One of the many unique features of HFpEF is the presence of multiple comorbidities, many of which are characterized by a proinflammatory and prooxidant state. Indeed, given the widely recognized chronic inflammation associated with noncardiac comorbidities in HFpEF such as obesity, hypertension, diabetes mellitus, chronic obstructive pulmonary disease (COPD), and chronic kidney disease, it is not surprising that the emerging paradigm in HFpEF is focused on the role of these multiple comorbidities in producing microvascular endothelial inflammation (32). The axis of inflammation, oxidative stress, and vascular function has been well described, whereby, as inflammation can both produce free radicals and diminish cellular antioxidant capacity, this increase in reactive oxygen species leads to endothelial nitric oxide synthase (eNOS) uncoupling, the formation of superoxide anions, reduced NO bioavailability, and ultimately impaired vascular function (7). However, many uncertainties remain regarding the nature of redox imbalance and whether pro- and antioxidant balance can be restored in HFpEF.

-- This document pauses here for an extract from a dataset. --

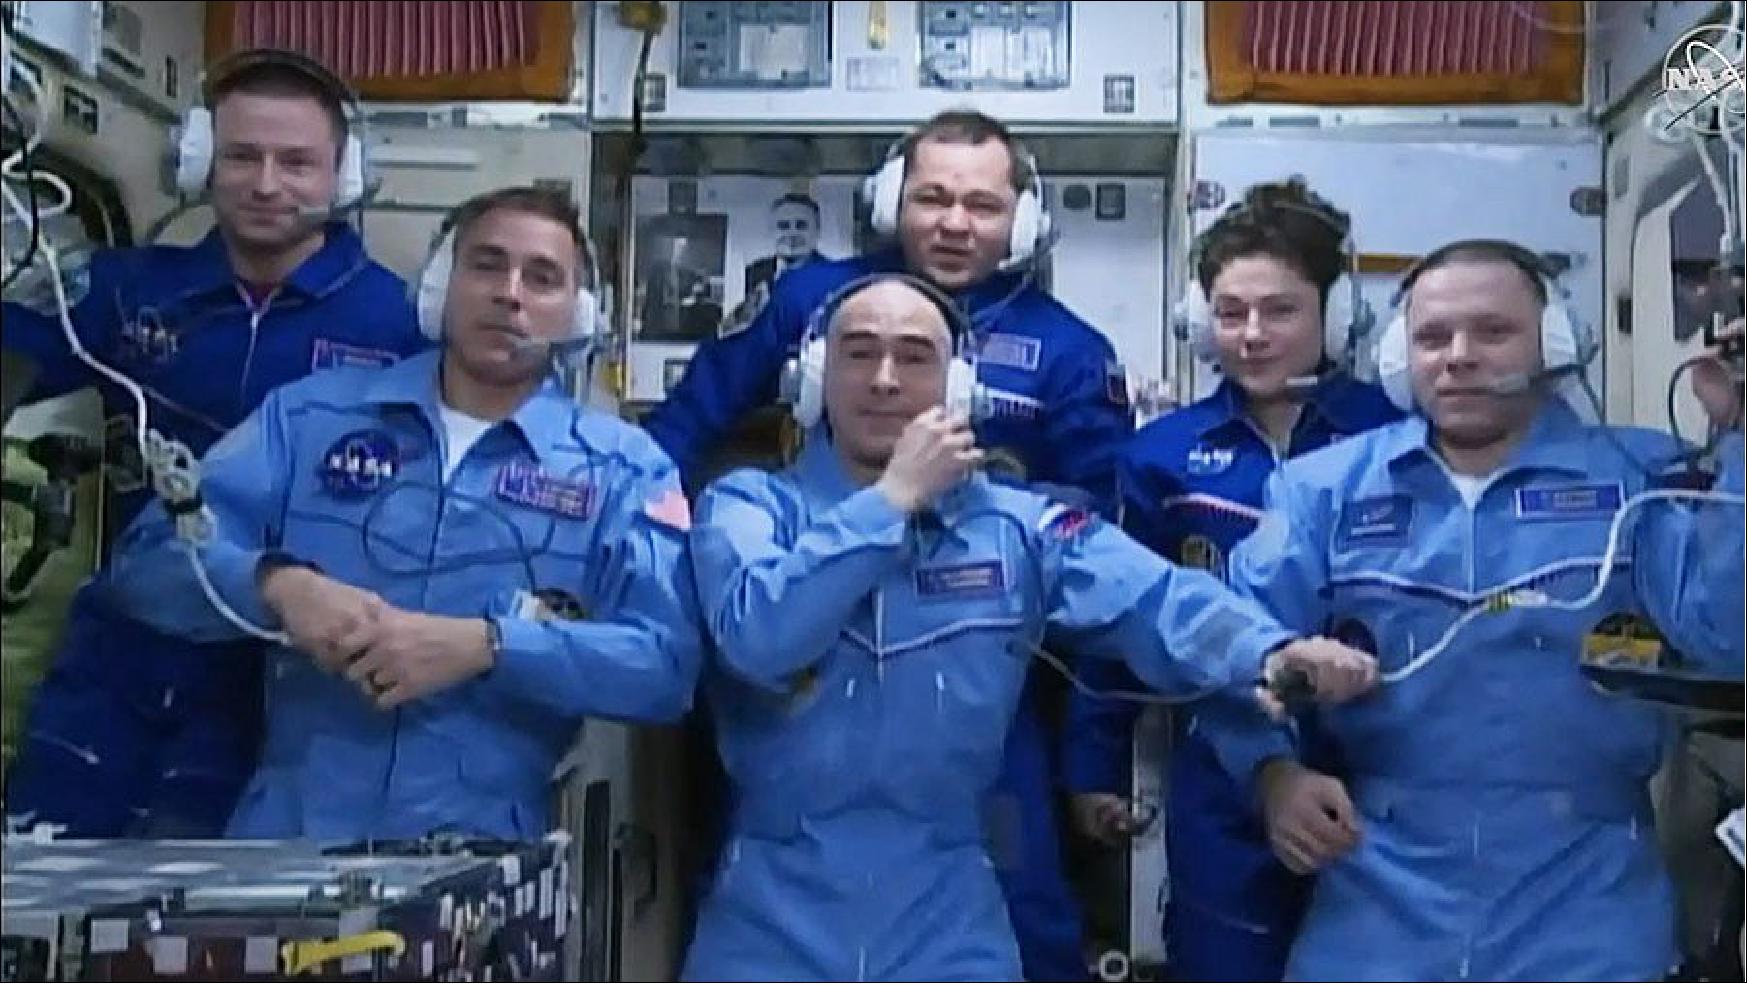 Figure 87: The new Expedition 63 crew joined the Expedition 62 crew today a board the International Space Station. Front row from left: NASA astronaut Chris Cassidy and Roscosmos cosmonauts Anatoly Ivanishin and Ivan Vagner. Back row from left: NASA astronaut Andrew Morgan, Roscosmos cosmonaut Oleg Skripochka and NASA astronaut Jessica Meir (image credit: NASA TV)

Although there are many potential strategies for combating the damaging effects of inflammation and oxidative stress on peripheral vascular function, antioxidant (AO) administration has emerged as a simple but effective approach. Indeed, our group has demonstrated the efficacy of acute AO administration (vitamins C, E, and α-lipoic acid) to attenuate oxidative stress and improve vascular function, as assessed by FMD testing, in the elderly (43) as well as in COPD (35) and HFrEF (42) patient groups. Given the widely recognized presence of inflammation and oxidative stress in HFpEF, it is likely that AO administration could also prove beneficial in targeting these aspects of HFpEF pathophysiology, yet this remains a largely unexplored area of research. In fact, to our knowledge, not a single study to date has examined the potential benefit of AO administration on vascular function in HFpEF.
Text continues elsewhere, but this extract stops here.